**Aim of the exercise:** An exact copy of the data below is needed; please leave out any pictures.

**Collected material:**
..........

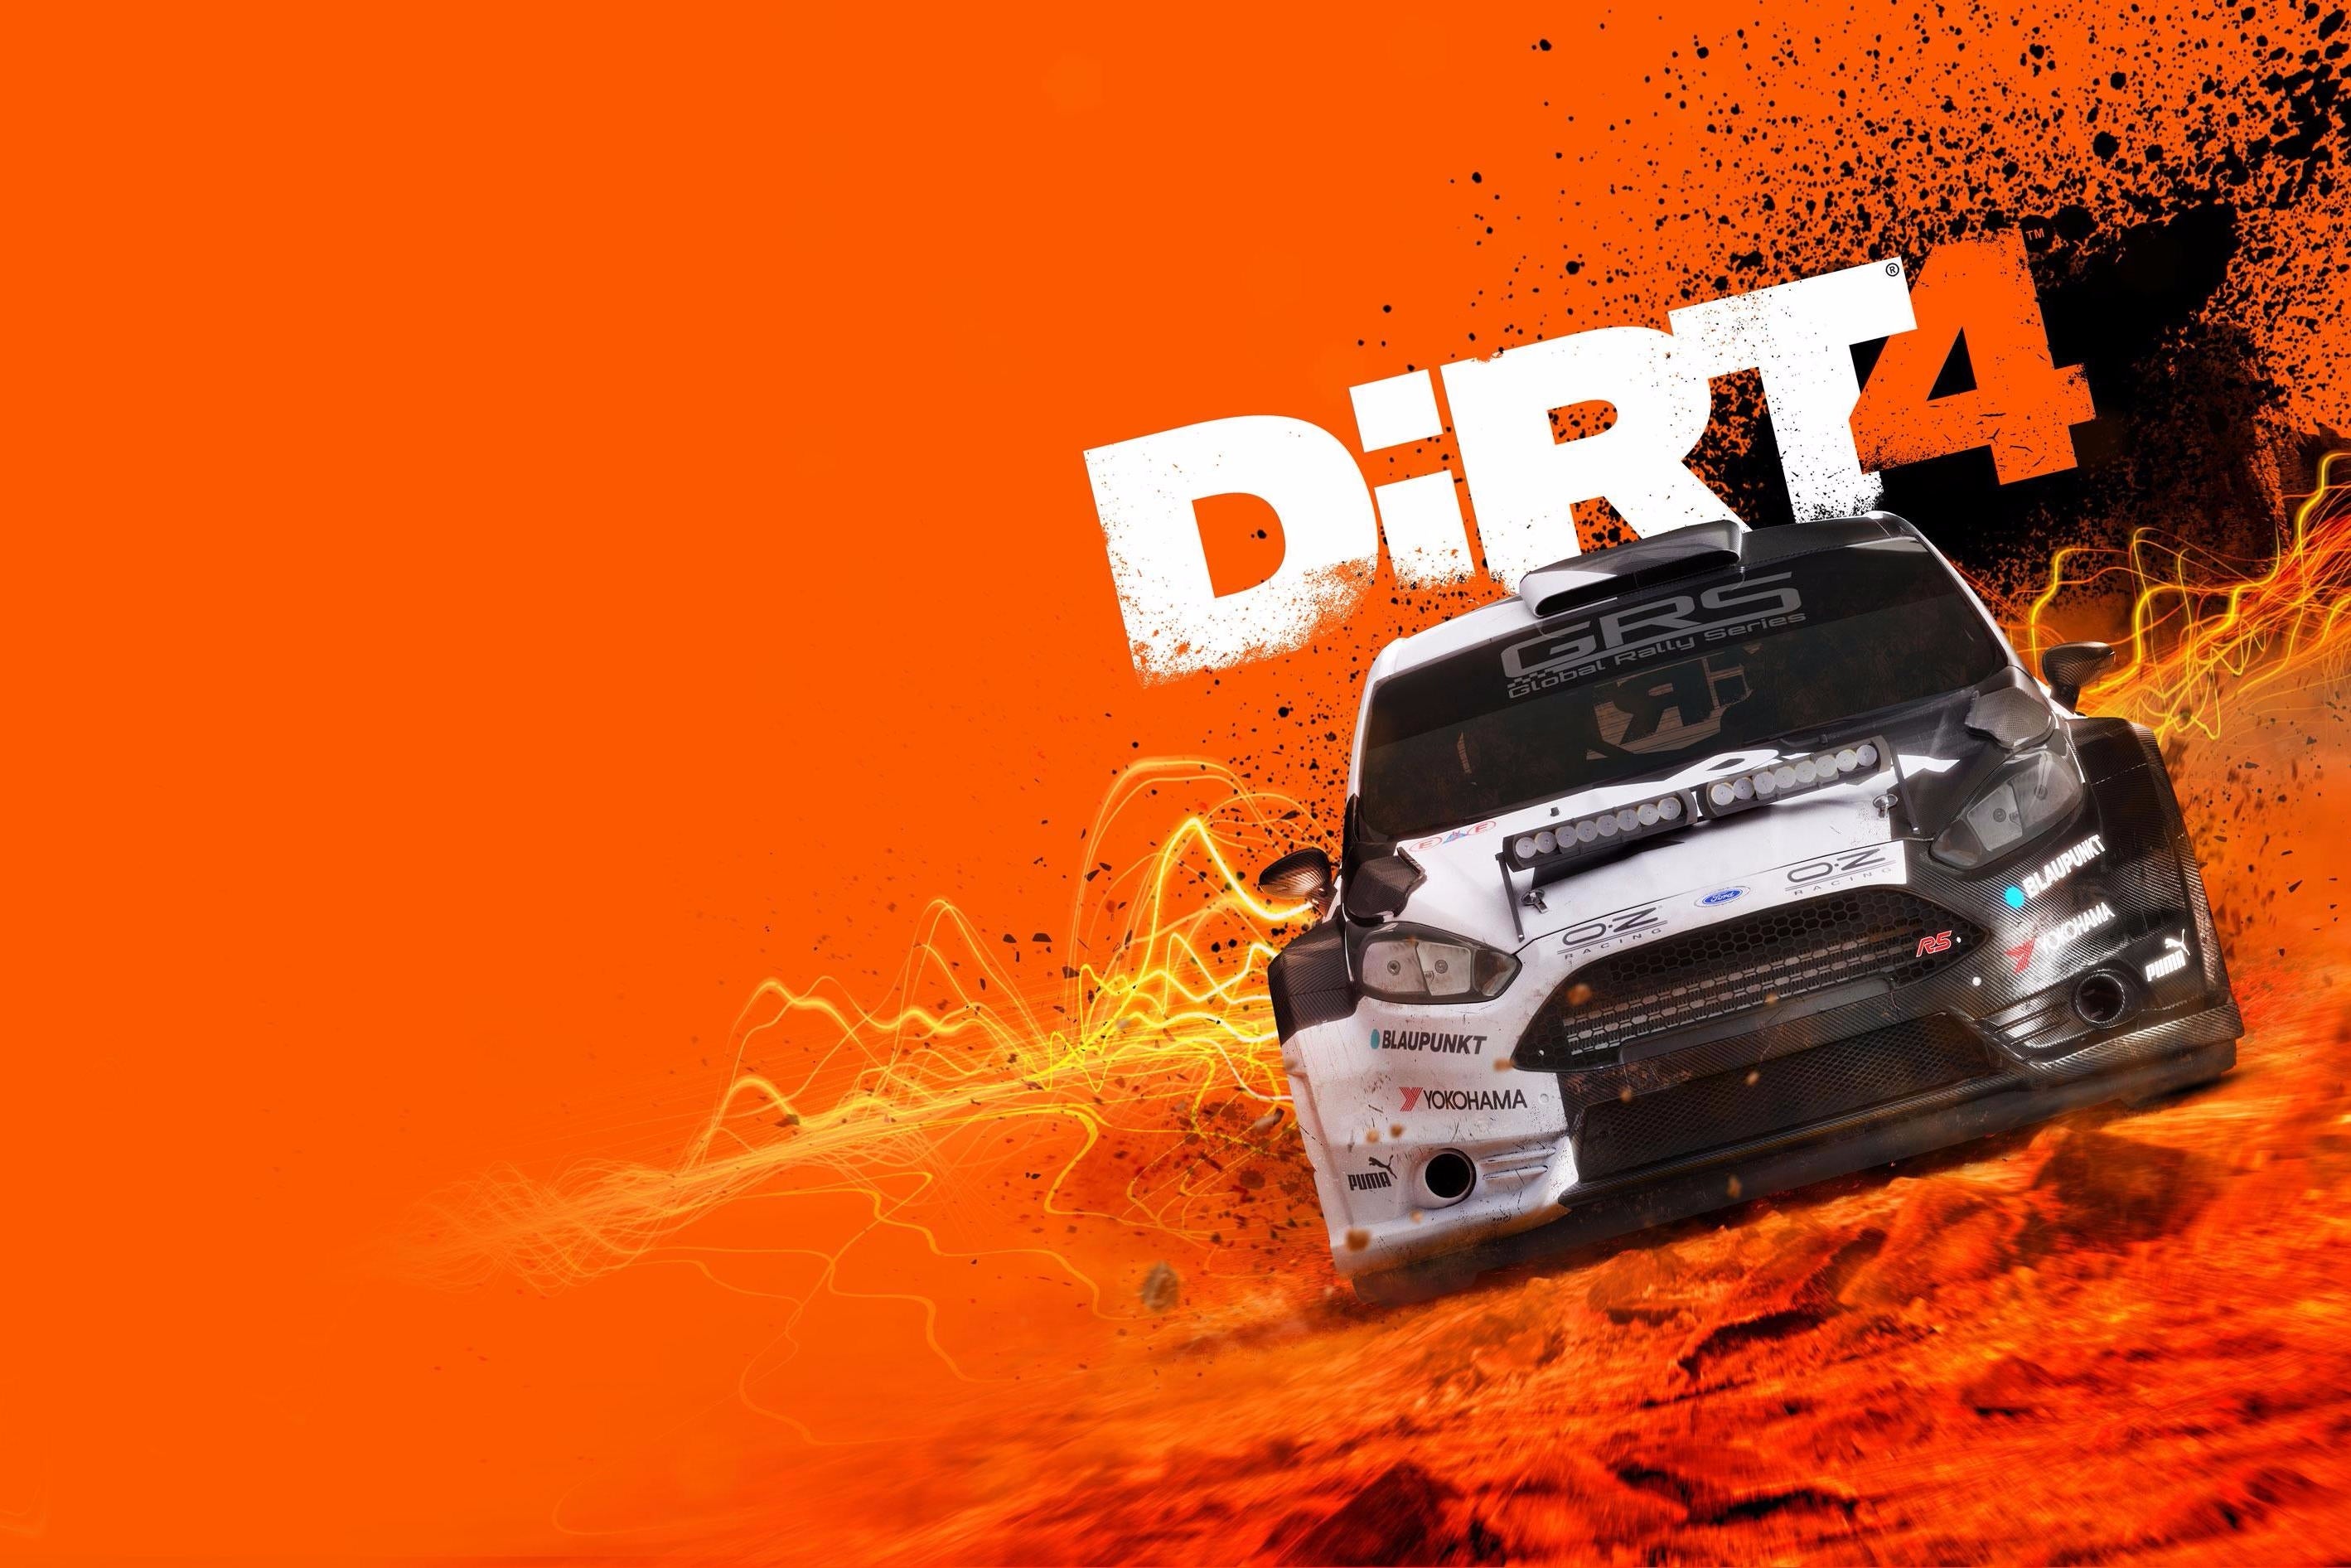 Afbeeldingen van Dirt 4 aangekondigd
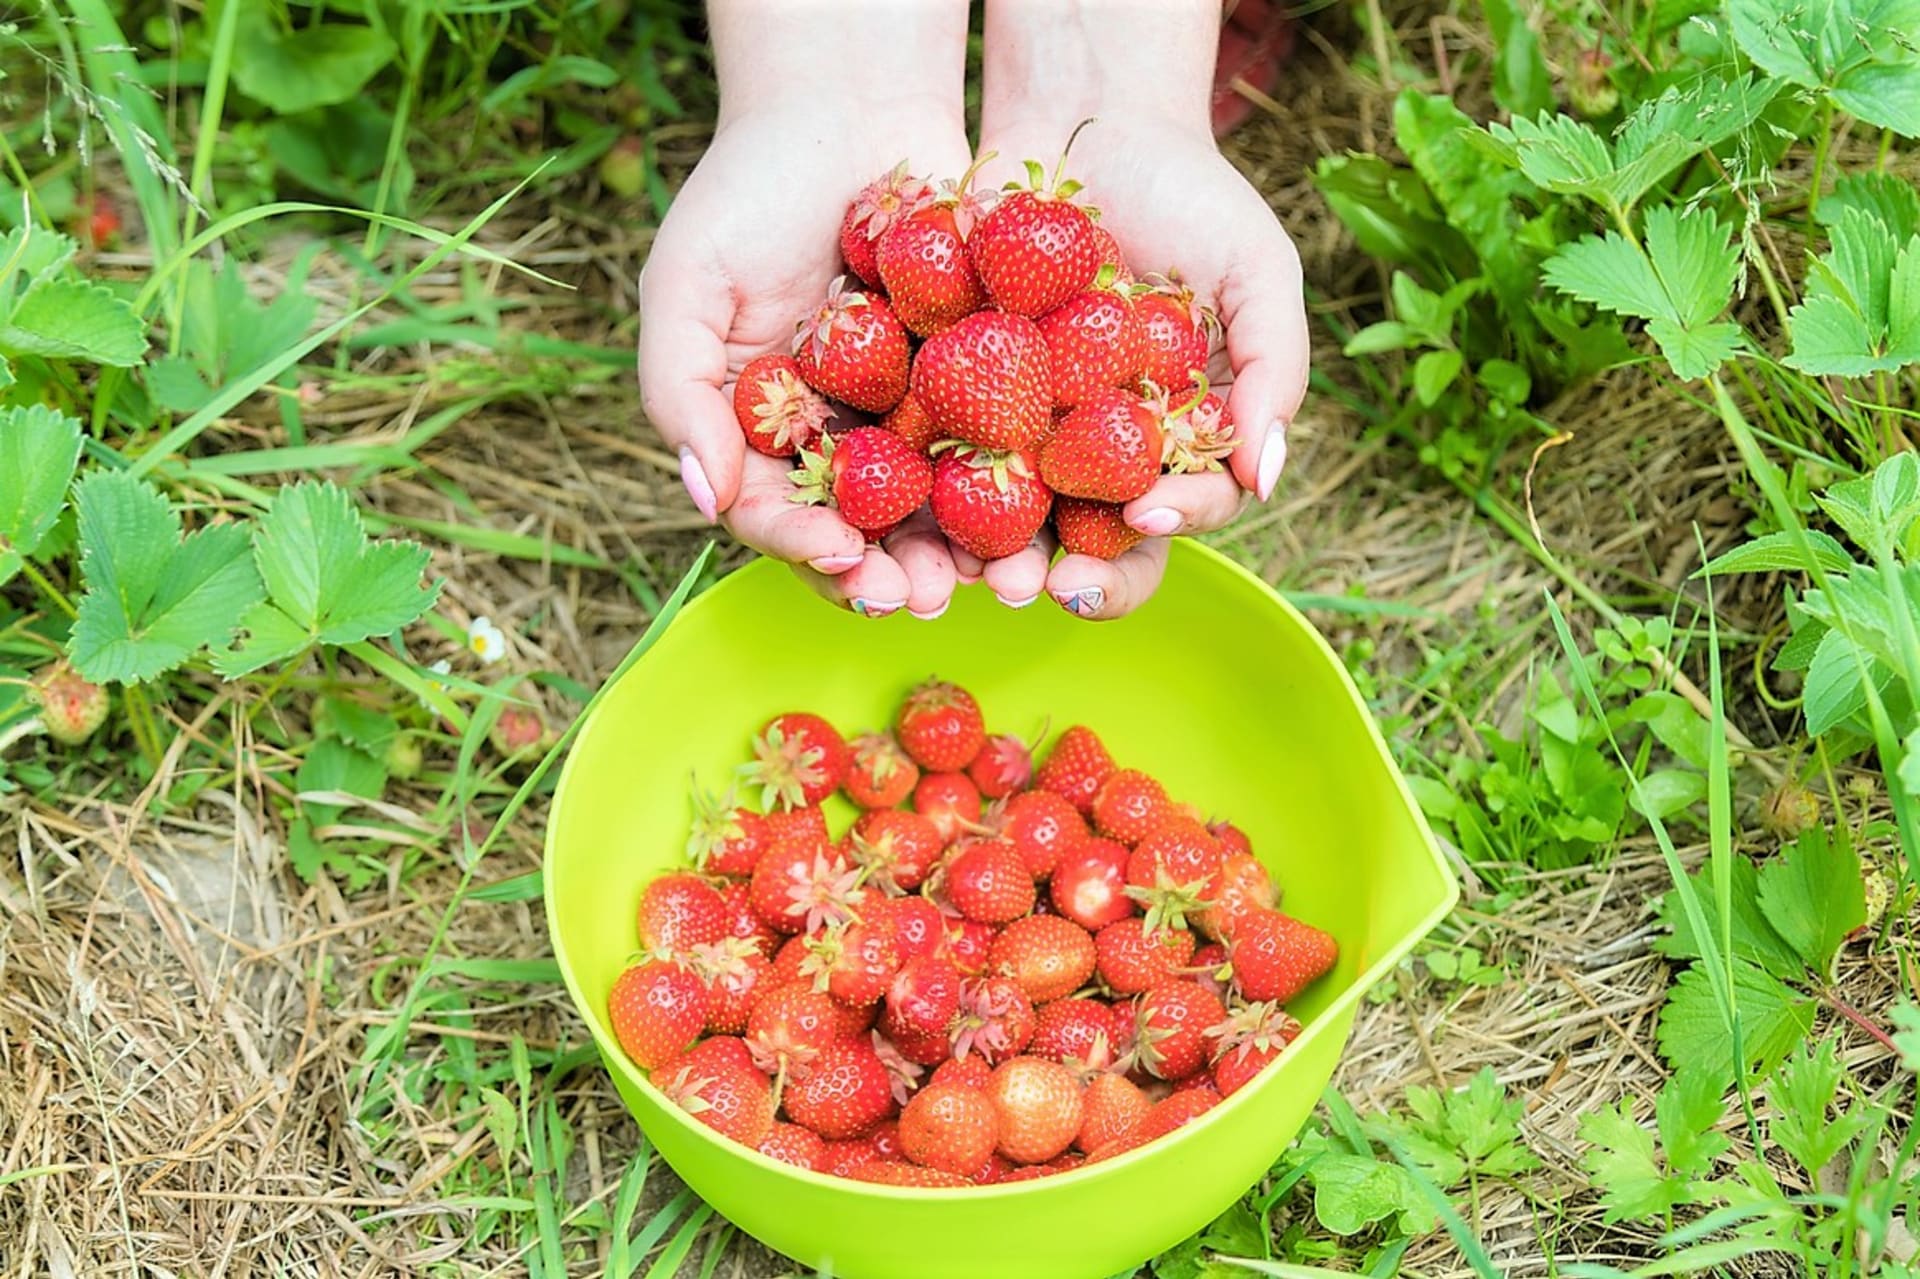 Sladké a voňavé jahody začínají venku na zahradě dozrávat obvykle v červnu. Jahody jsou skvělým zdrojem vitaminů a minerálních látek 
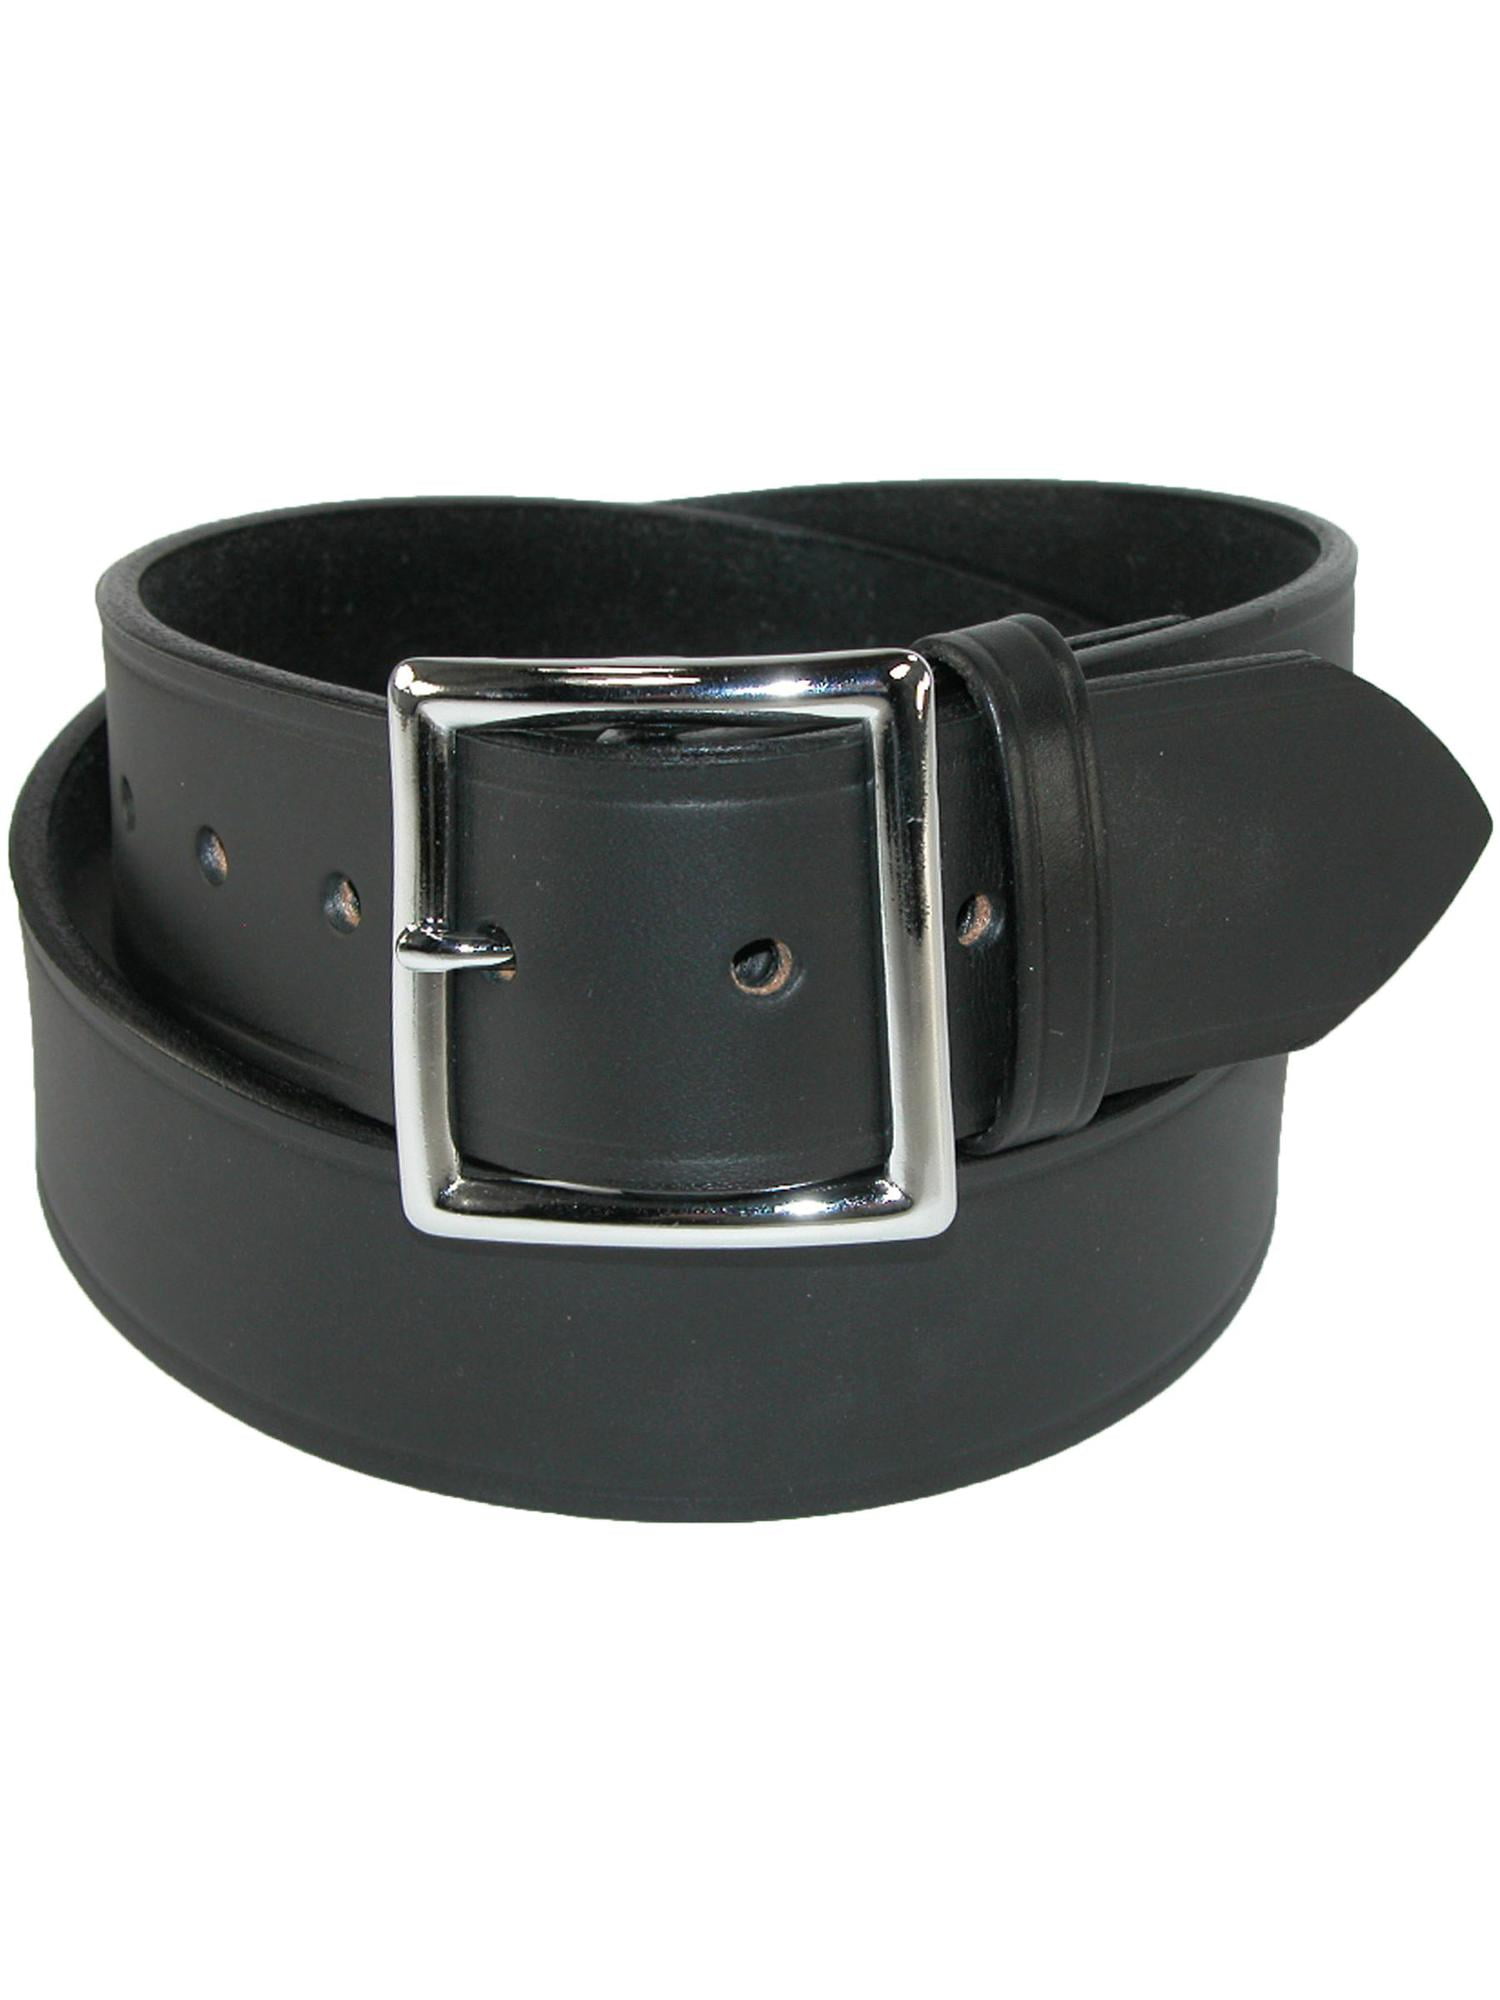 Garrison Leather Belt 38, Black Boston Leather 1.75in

..........

**Output below:**
 Afbeeldingen van Dirt 4 aangekondigd
 Sladké a voňavé jahody začínají venku na zahradě dozrávat obvykle v červnu. Jahody jsou skvělým zdrojem vitaminů a minerálních látek 
 Garrison Leather Belt 38, Black Boston Leather 1.75in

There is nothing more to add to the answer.